Das AG gab den Mietern Recht. Ein Mangel einer Mietwohnung, der ihre Tauglichkeit zum vertragsgemäßen Gebrauch aufhebe oder mindere, sei eine nachteilige Abweichung des tatsächlichen Zustands der Mietsache vom vertraglich geschuldeten. Maßgebend sei, was der Mieter für den vereinbarten Nutzungszweck erwarten könne. 

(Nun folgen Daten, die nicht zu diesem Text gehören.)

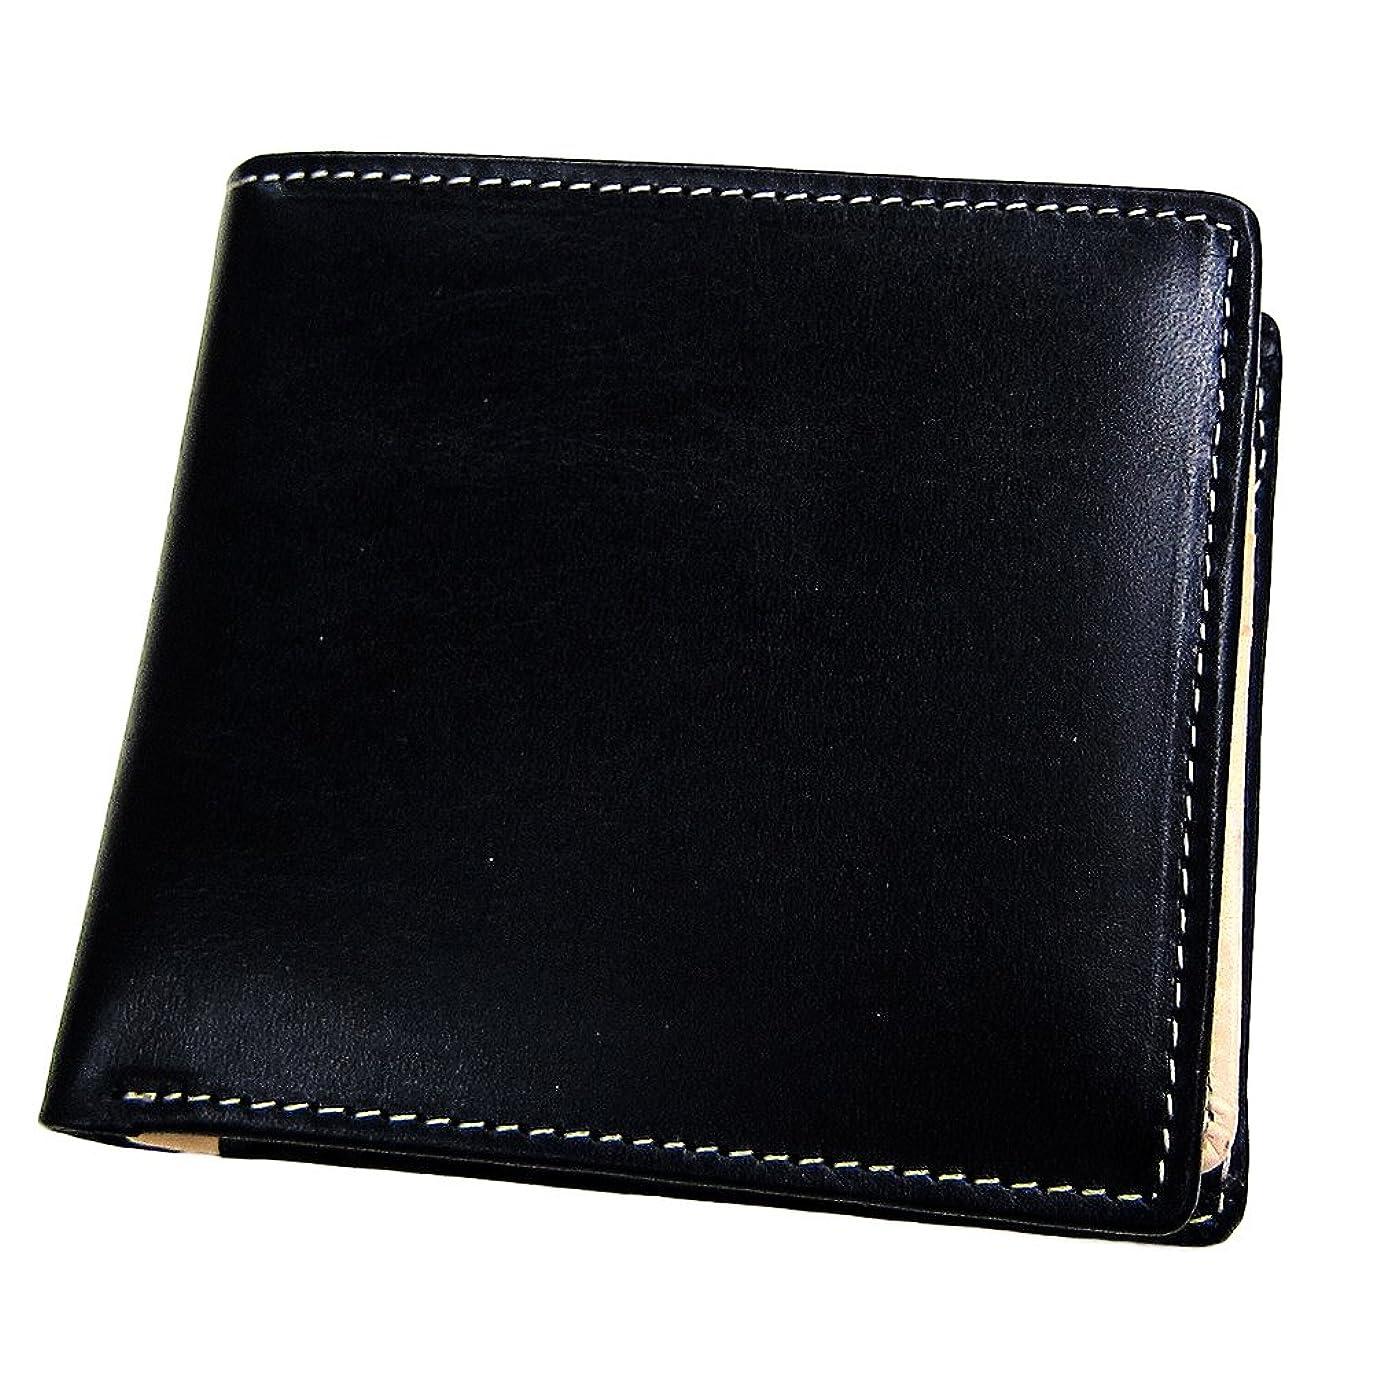 師匠ふさわしい側Maturi マトゥーリ ブライドルレザー×日本製ヌメ革 二つ折財布 MR001 BLACK 黒 ブラック

Mögliche Gesundheitsgefährdung rechtfertigt Mietminderung

Für die Annahme eines Mangels genüge es, wenn die Mietsache nur in Befürchtung einer Gefahr benutzt werden könne, die aufgrund des Zustands der Sache den Eintritt eines Schadens erwarten lasse. So habe es der Bundesgerichtshof (BGH) bereits im Jahr 2006 entschieden. Einer Sicherheit, dass eine Gesundheitsgefährdung bei Nutzung des Trinkwassers tatsächlich eingetreten sei, bedürfe es nicht. Entscheidend sei, dass eine Gesundheitsgefährdung nicht ausgeschlossen werden könne und der Mieter in ständiger Gefahrbesorgnis lebe. Der Mangel ende daher nicht, bevor der Mieter nachvollziehbar entwarnt worden sei. 

Geringere Mietminderung: Gesundheitsgefährdung trat nicht ein

Doch das Gericht gewährte nur eine Minderung i. H. v. 10 Prozent. Es begründete den geringen Wert damit, dass eine höhere Mietminderung nur gerechtfertigt sei, wenn tatsächlich eine Gesundheitsgefährdung bestehe oder eine Erkrankung infolge der Legionellenbelastung eingetreten sei.